Loans, guarantees and investments
The Company has not granted any inter-corporate loan, given guarantee or provided
security for availing loan by any other company. However, the company has invested its
funds in such number of companies and in such number of shares and securities in other
bodies corporate as referred to in Notes No. 06 and 11 of the Balance Sheet.
In compliance with Section 186 of the Companies Act, 2013, loans to employees bear
interest at applicable rates.
Conservation of Energy, Technology Absorption and Foreign Exchange Earnings and Outgo
The prescribed particulars of Conservation of Energy, Technology Absorption and Foreign
Exchange Earnings and Outgo required under Section 134(3)(m) read with Rule 8(3) of the
Companies (Accounts) Rules, 2014 attached as Annexure IV and forms a part of this Report
of the Directors.
Particulars of Employees
The prescribed particulars of Employees required under Section 134(3)(q) read with Rule
5 of the Companies (Appointment and Remuneration of Managerial Personnel) Rules, 2014 is
attached as Annexure VI and forms a part of this Report of the Directors. There are no
employees drawing remuneration more than Rs.102 Lakhs per annum or Rs.8,50,000/- per
month.
Statement On Compliance with Secretarial Standards
The Directors have devised systems to ensure compliance with the provisions of all
applicable Secretarial Standards and that such systems are adequate, and operating
effectively.
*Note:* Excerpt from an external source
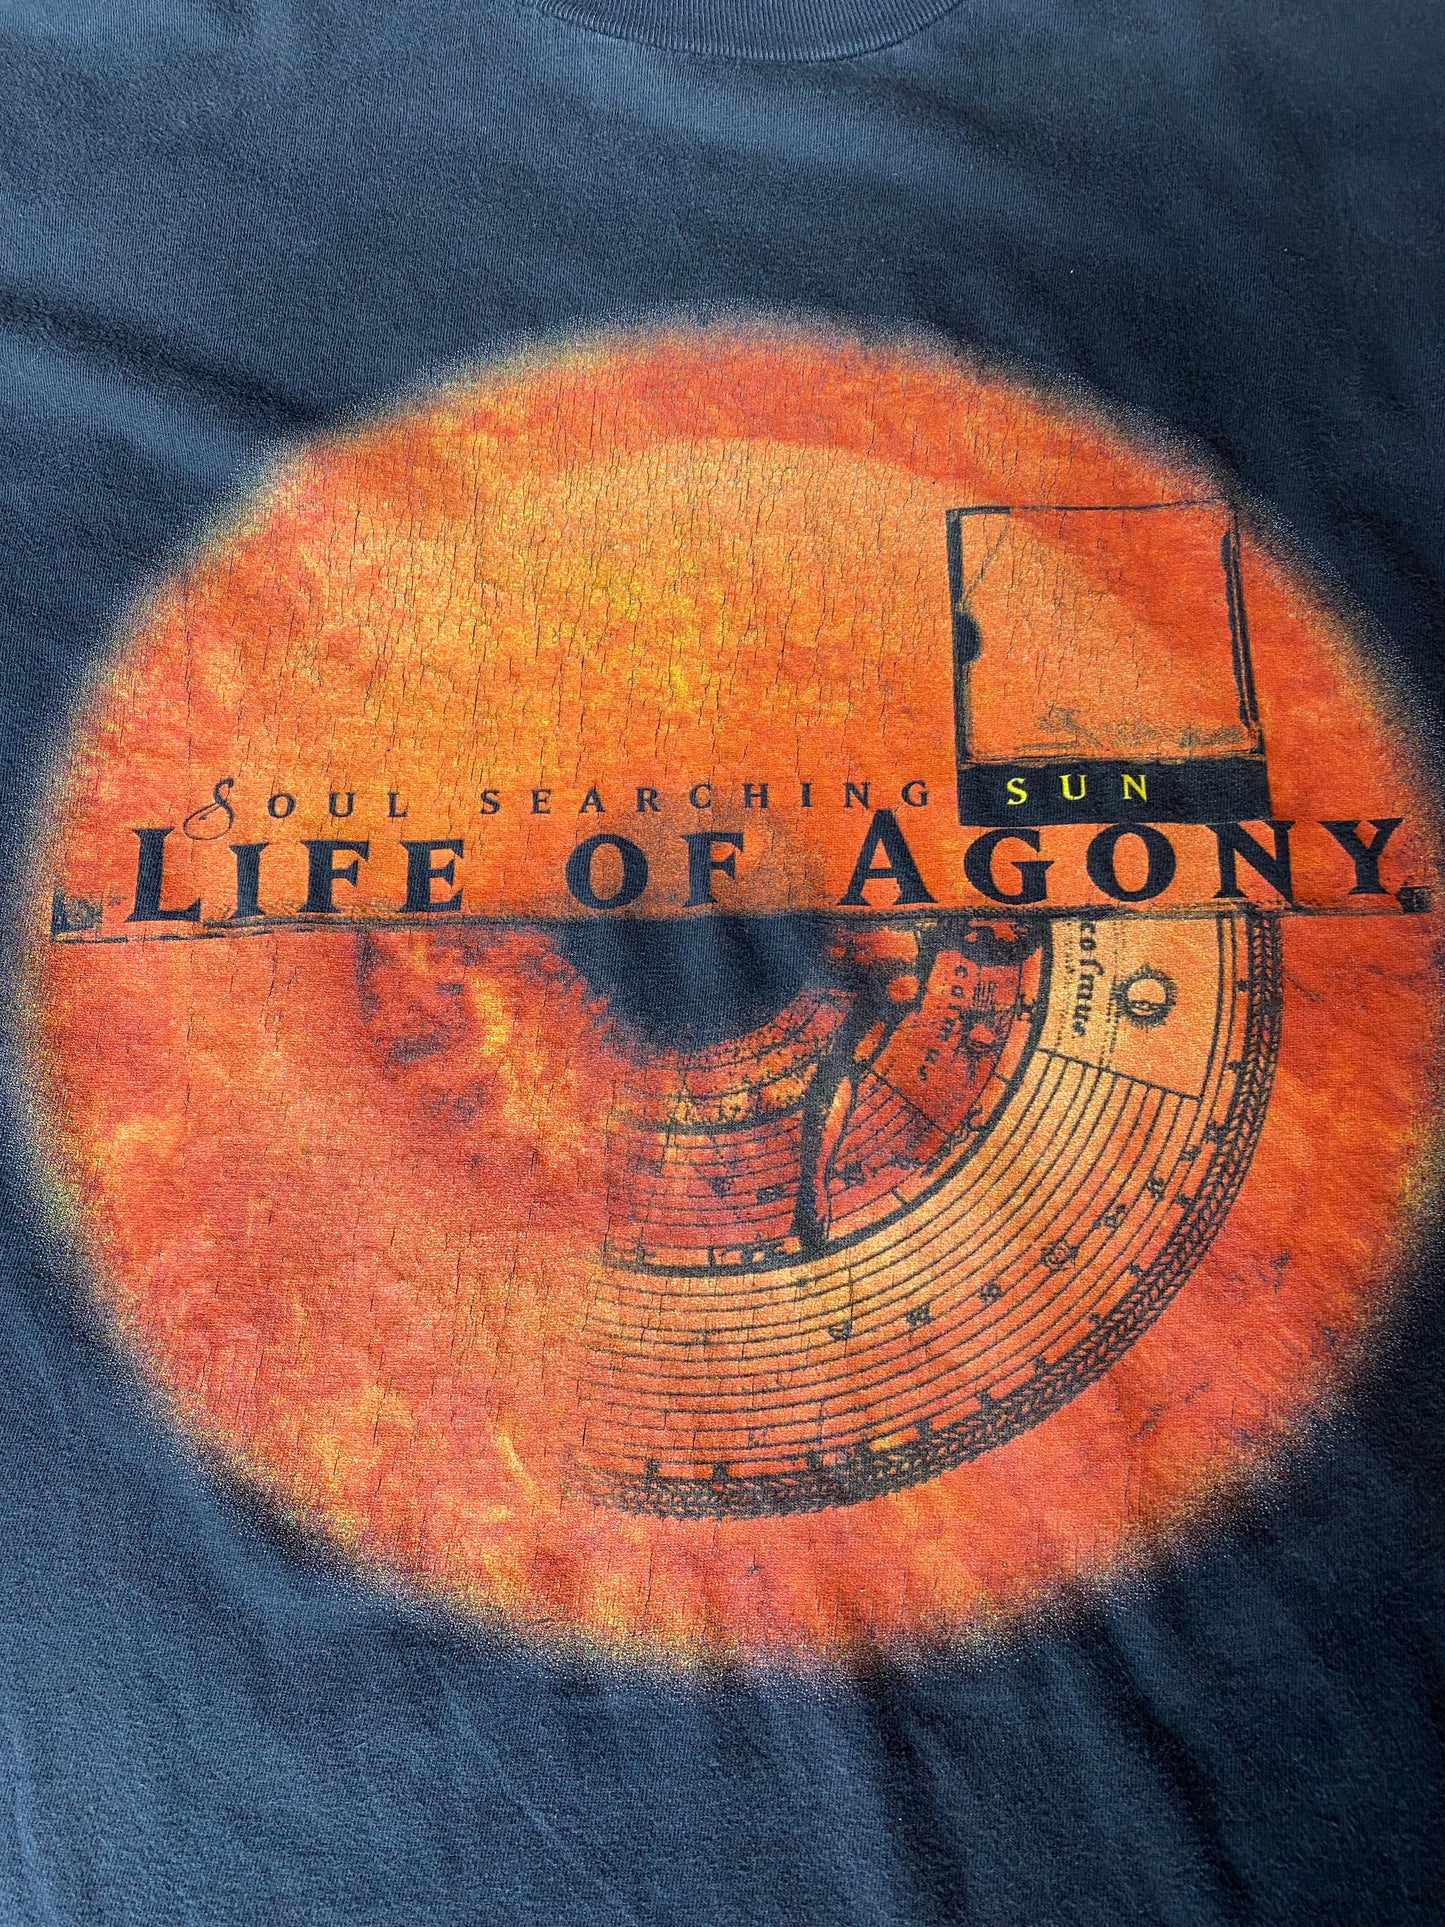 Vintage 1997 Life of Agony “Soul Searching Sun” Album Merch T-Shirt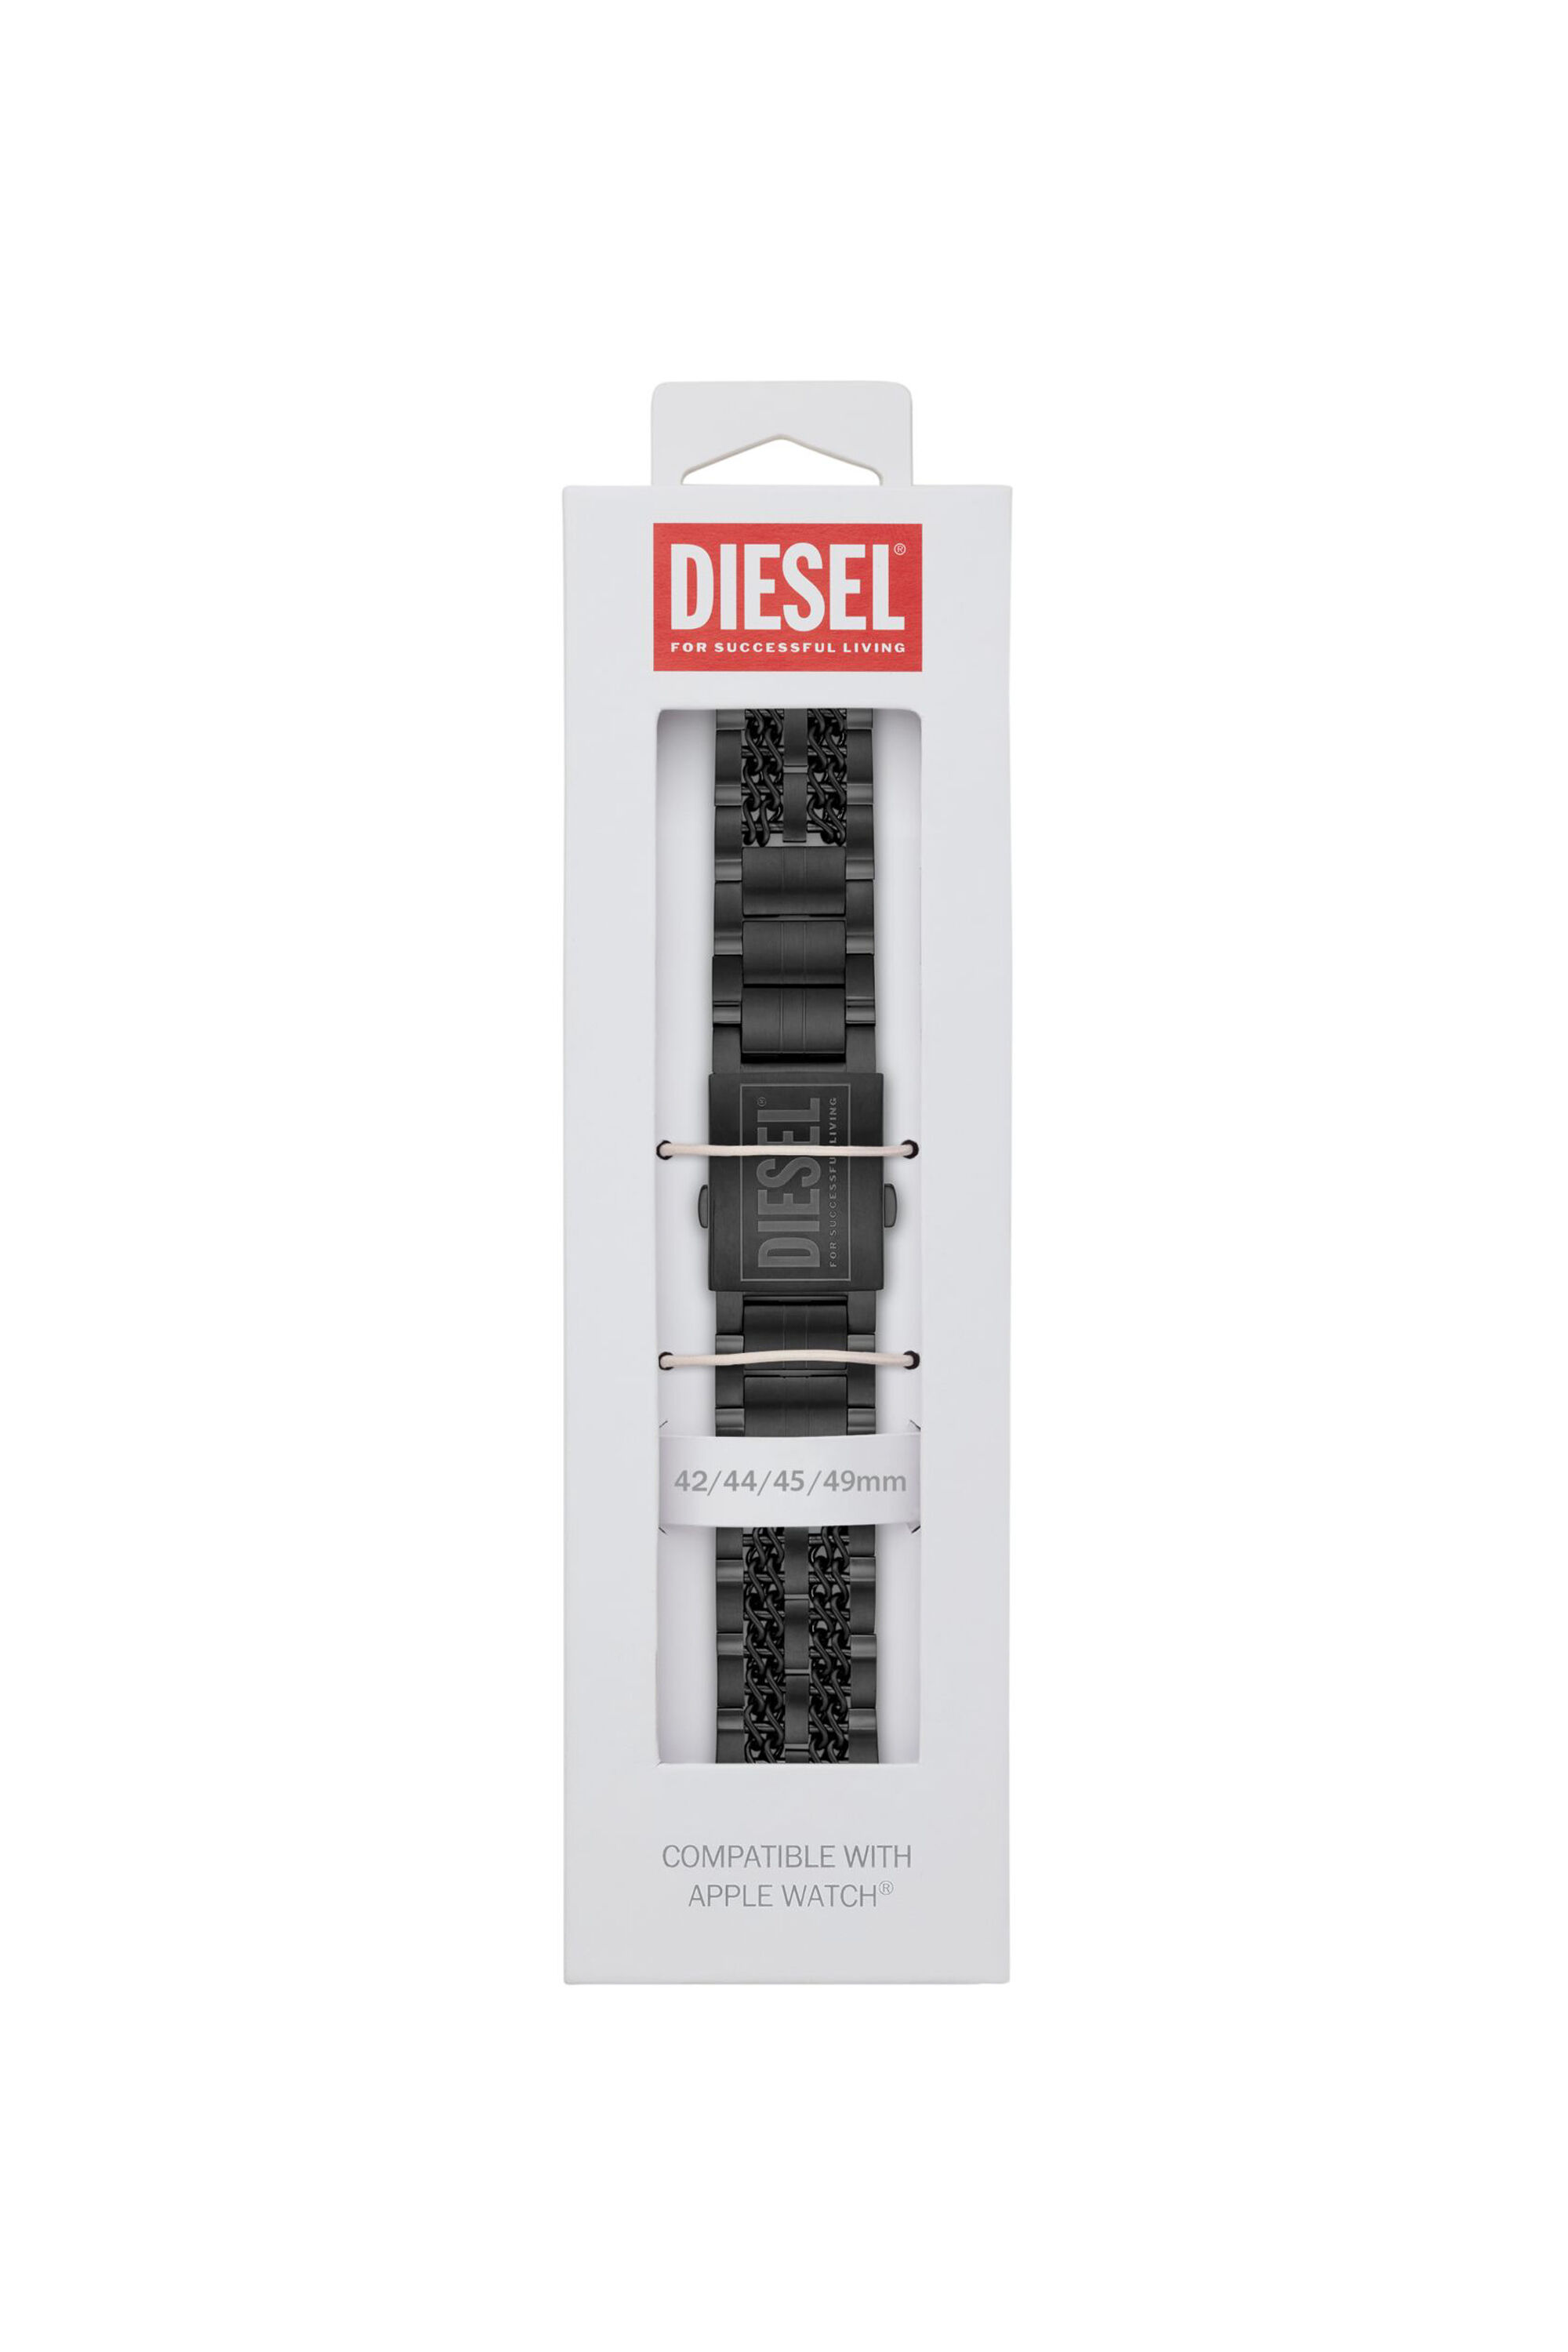 Diesel - DSS0019, ブラック - Image 3

The Company is in compliance with the applicable Secretarial Standards issued
by the Institute of Company Secretaries of India and approved by the Central Government
under Section 118(10) of the Act.
Annexures forming a part of this Report of the Directors
The Annexures referred to in this Report and other information which are required to be
disclosed are annexed herewith and form a part of this Report of the Directors :
I. Corporate Governance Report along with Certificate on Corporate Governance by the
Auditor of the Company.
II. Secretarial Audit Report
III. Extract of the Annual Return in Form MGT-9 - Web link.
IV. Particulars on Conservation of Energy, Technology Absorption, and Foreign Exchange
Earnings and Outgo.
V. Form AOC-2 for material contracts with Related Parties.
VI. Ratio of remuneration and Particulars of Employees.
VII. Annual Report on CSR spending.
VIII. Chairman & Managing Director's Certificate under Regulation 34(3) read with
Part D of Schedule V to SEBI (Listing Obligations and Disclosure Requirements)
Regulations, 2015 on compliance of the Code of Conduct.
IX. Certificate by Chairman and Managing Director and Chief Financial Officer under
Regulation 17(8), of the SEBI (Listing Obligations and Disclosure Requirements)
Regulations, 2015 on Financial Statements.
X. Remuneration Policy.
Appreciation
Your Directors record their sincere appreciation of the dedication and commitment of
all employees in achieving and sustaining excellence in all areas of the business. Your
Directors thank the Shareholders, customers, suppliers, and Bankers, and all other
stakeholders for their continuous support to the Company.